In the late 1960s and early 1970s several scholars of international relations developed conflict management training workshops, the purpose of which was to support a process towards peace in the context of intractable conflicts. Doob began experimenting with the application of human relations training methods to destructive conflicts in the Horn of Africa, Cyprus and Northern Ireland, helping to pioneer a third-party intermediary approach to conflict resolution. John Burton, Doob, and Herbert Kelman, among others, conducted "controlled communication" or problem solving workshops with high-level representatives of groups involved in protracted communal disputes in these societies.

== Personal life ==
Doob died on March 29, 2000, in Hamden, Connecticut.

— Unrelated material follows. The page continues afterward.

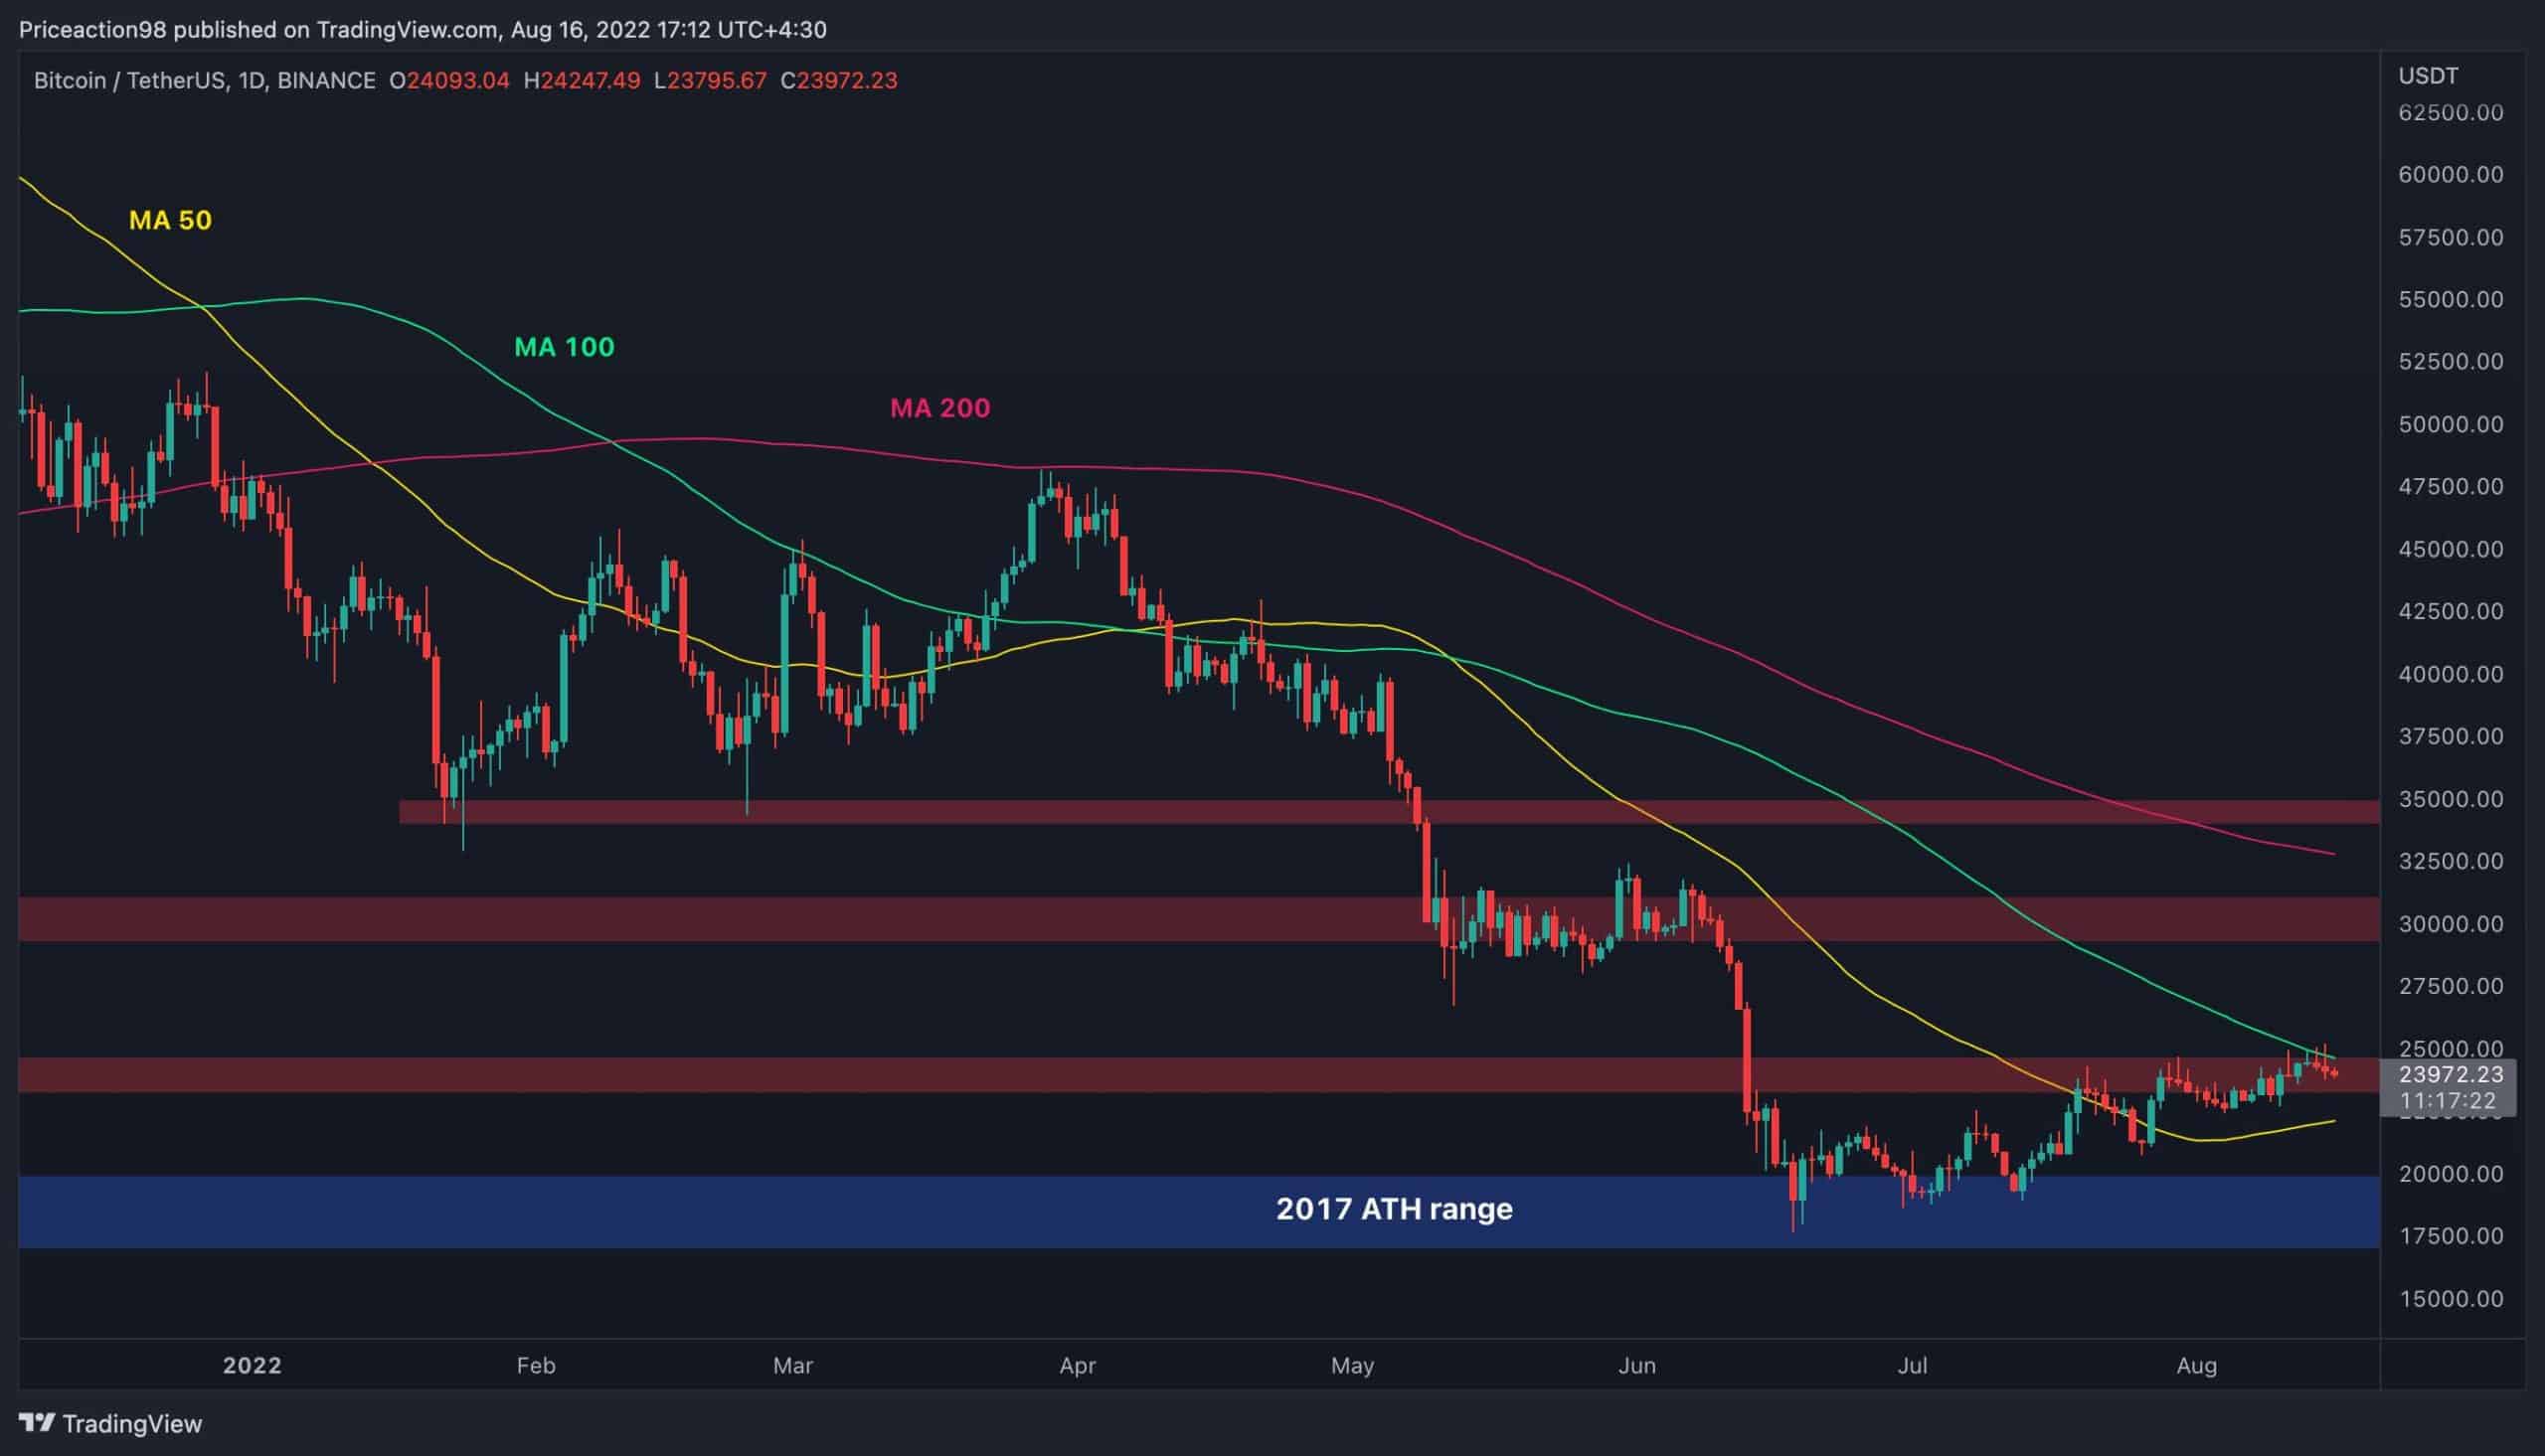 Here’s-the-first-support-if-bitcoin-fails-to-break-above-$24k-(btc-price-analysis)

Doob and his wife, Eveline Bates Doob, had three sons. Anthony Doob is a professor of criminology at the University of Toronto. Christopher was a professor of sociology at Southern Connecticut State University from 1975 to 2012 and has written several textbooks. Nick is a documentary director, cinematographer, producer, and editor known for his work on Assume the Position with Mr. Wuhl, Down from the Mountain, Simple as Water, Kings of Pastry, Al Franken: God Spoke, American Hollow, and others.

==Publications==
- Propaganda: Their Psychology and Techniques (1935)
- Memorandum on Research in Competition and Co-operation. Social Science Research Council, with Mark A. May. (1937)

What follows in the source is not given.